More than 2.5 billion Gmail users may be exposed to new scams after hackers broke into a Google database hosted on Salesforce’s cloud system. Security experts say the attack, carried out by the hacking group ShinyHunters, could be one of the biggest breaches in Google’s history.
How the Hack Happened
The breach began in June 2025 and relied on social engineering. According to Google’s Threat Intelligence Group, scammers pretended to be IT staff and called a Google employee directly. They convinced the worker to approve a malicious Salesforce app, which then gave hackers access to contact details, business names, and notes stored in the database.
Google stressed that no passwords were stolen. Still, the stolen information is already being used in scams. Users on Reddit’s Gmail forum have reported a spike in phishing emails, fake calls, and fraudulent text messages. Many of these scams pretend to come from Google support and trick victims into sharing login codes or resetting passwords—potentially handing attackers full control of accounts.
Why It Matters
While the breach didn’t include passwords, the stolen details give criminals a way in. By impersonating Google employees, attackers can pressure people into revealing login credentials or sensitive files. Some are also testing common weak passwords like “123456” in brute-force attempts.

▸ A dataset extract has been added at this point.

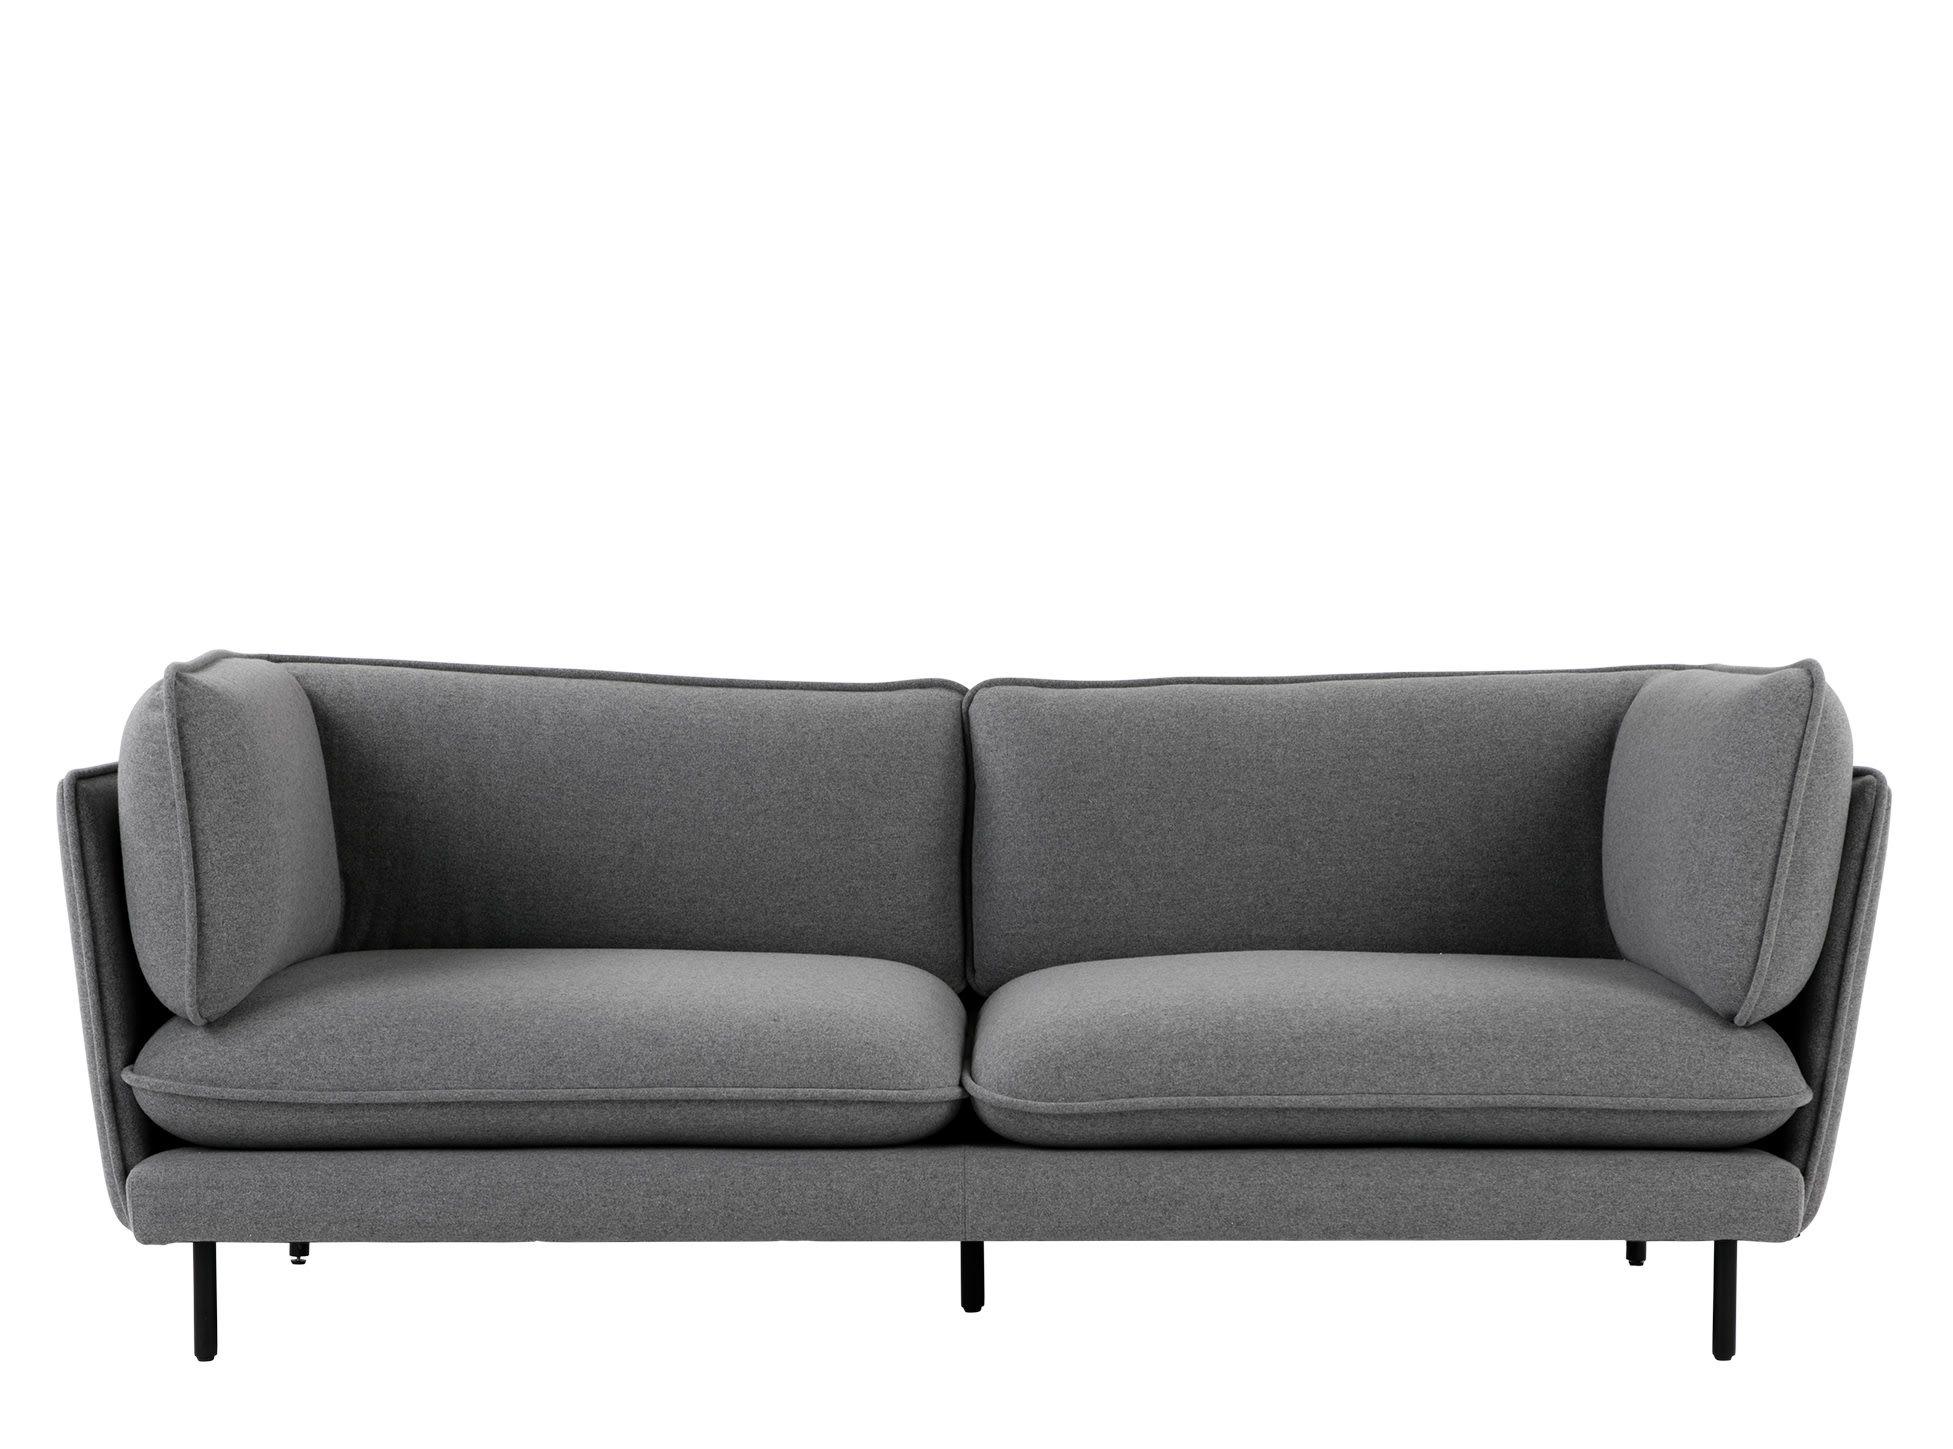 Wes 3 Seater Sofa Elite Grey Sofa

The risks are serious: users could lose access to personal emails, photos, and documents, or even expose linked bank accounts and business systems.
How to Stay Safe
- Check if your data is exposed: Use dark web monitoring tools like ID Protection’s Data Leak Checker.
- Update your password: Create a strong, unique password and turn on multi-factor authentication.

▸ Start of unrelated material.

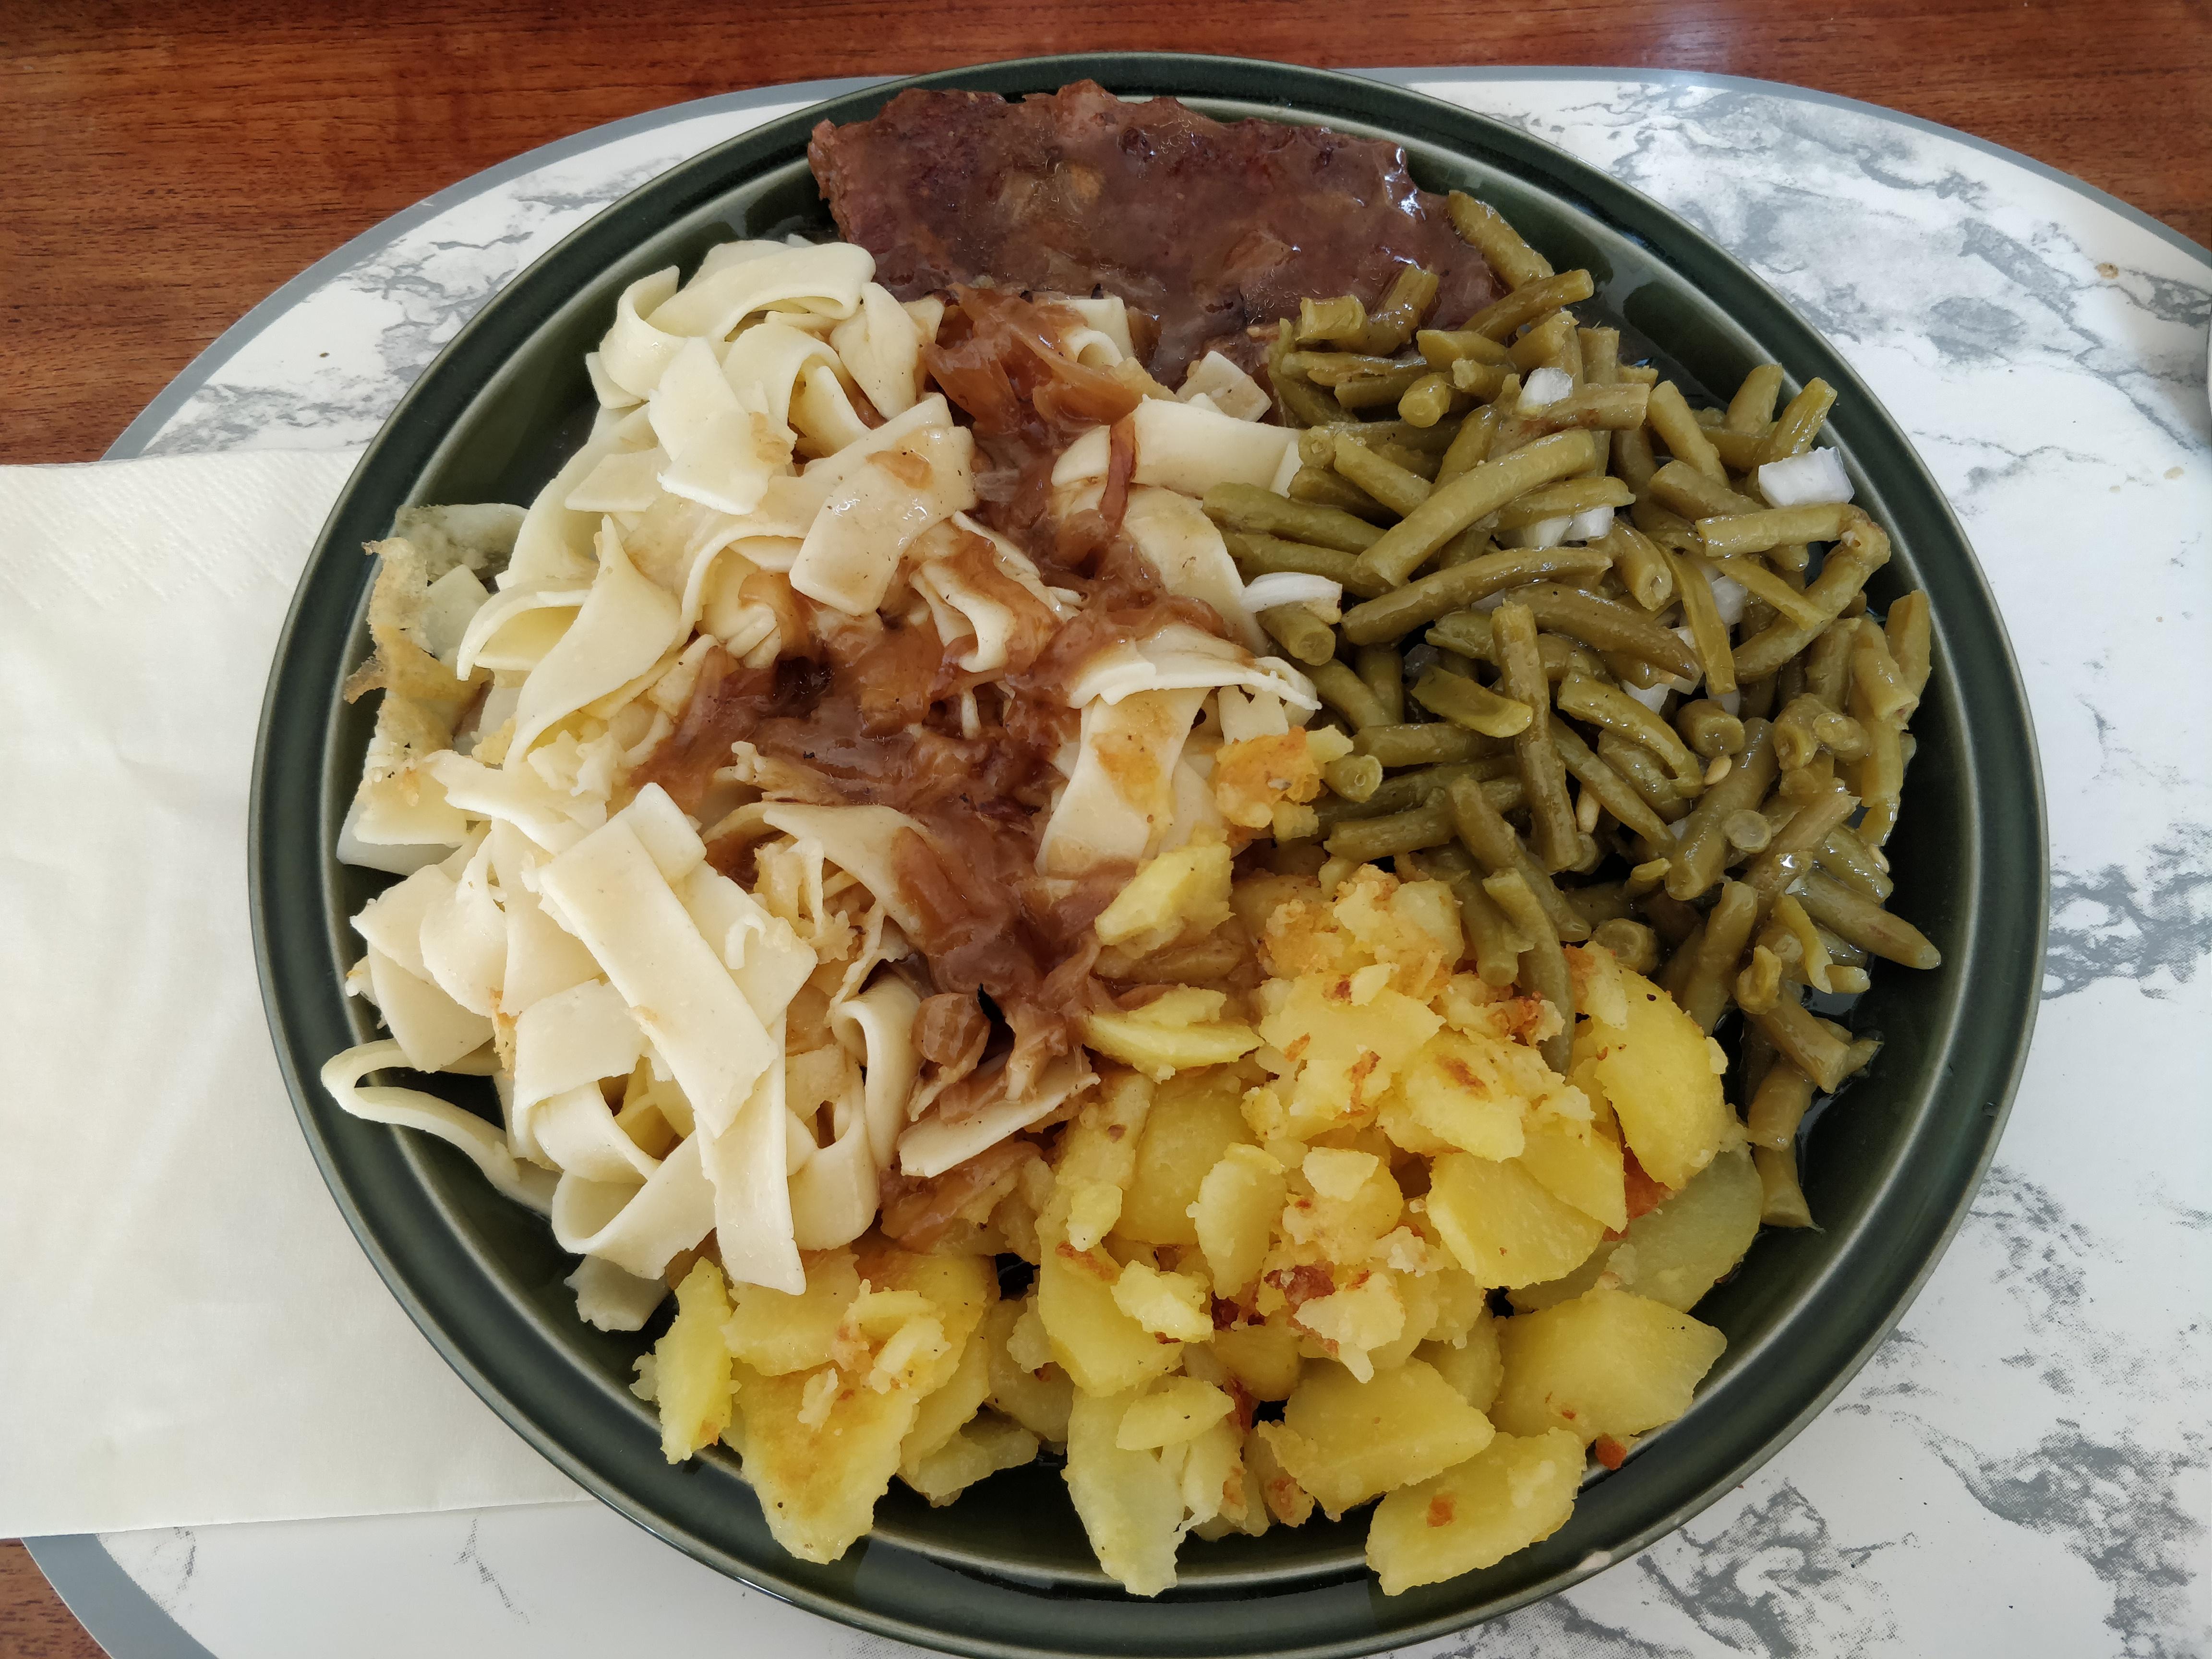 https://foodloader.net/nico_2018-10-17_rostbraten-bratkartoffeln-nudeln-bohnensalat.jpg

- Block scams early: Services like ScamCheck can filter suspicious calls, texts, and emails.
- Verify Google messages: Never trust an unexpected email asking for login codes. Upload questionable messages to ScamCheck for confirmation.

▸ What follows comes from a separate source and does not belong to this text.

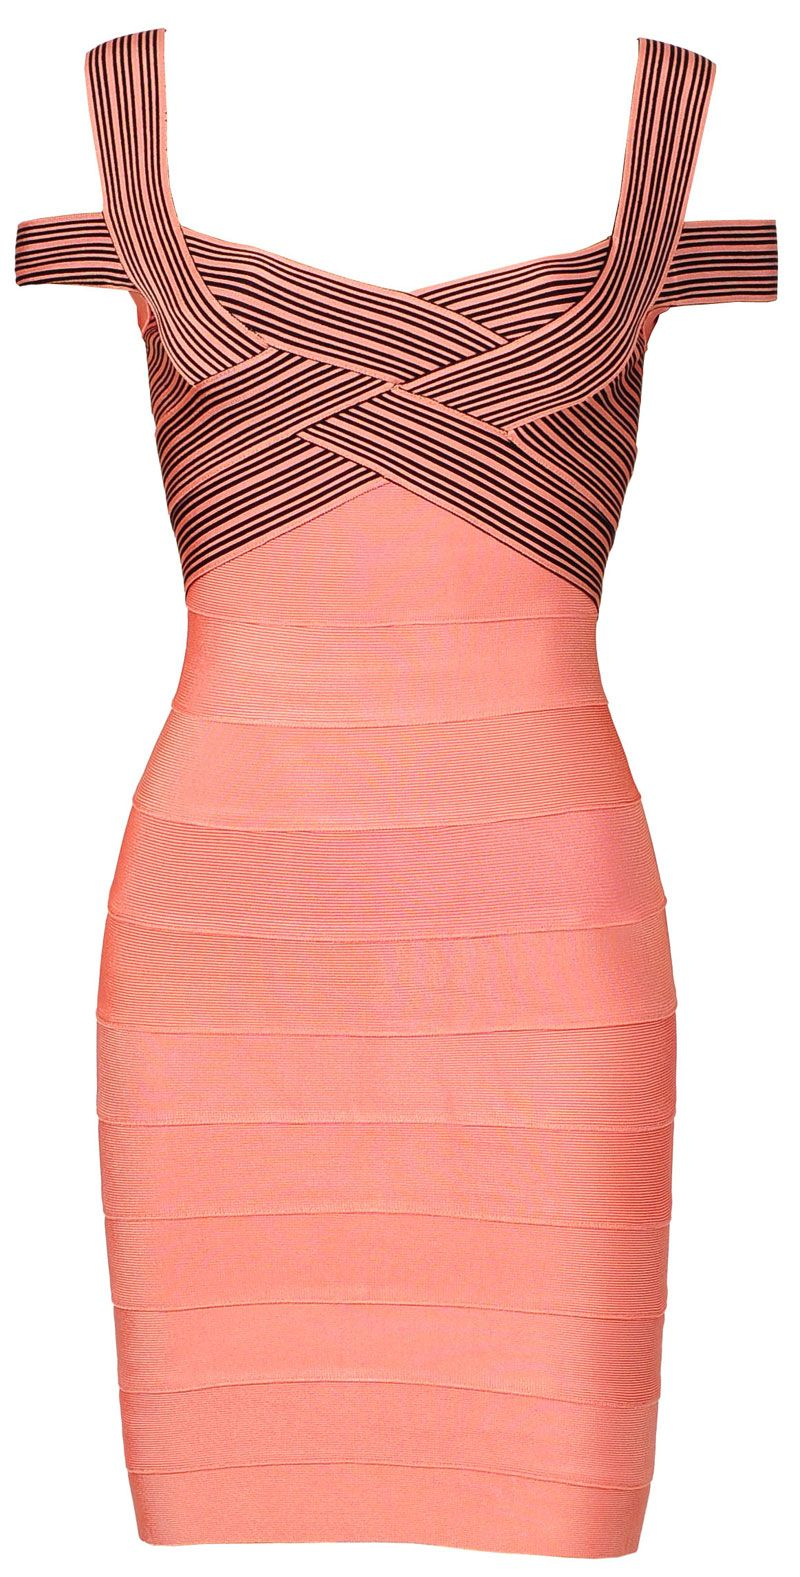 Celeb Boutique Pink Bandage Dress

- Enable passkeys: Google recommends switching to passkeys, which use fingerprints or face scans and can’t be phished. Running a Google Security Checkup is also advised.
Google’s Response
Google began notifying affected users on August 8, 2025. The company said the stolen data was “mostly public business information,” though security researchers warn that even basic details can be weaponized for scams.
This is far from Google’s first major security incident. Past breaches include the Google+ API leaks in 2018, Gmail phishing campaigns in 2017 and 2018, and the Gooligan malware attack in 2016. Each case shows that attackers don’t always need passwords to cause damage.
Who’s Behind It
ShinyHunters, also known as UNC6040, has a track record of targeting corporate systems for extortion. Their usual method is impersonating IT staff to push malicious Salesforce apps, then using tools like “Data Loader” to steal huge amounts of data.
Another related group, UNC6240, sometimes contacts victims months later, demanding bitcoin payments in exchange for not leaking the stolen information. Experts believe they may be preparing to launch a dedicated site for publishing stolen data if victims don’t pay.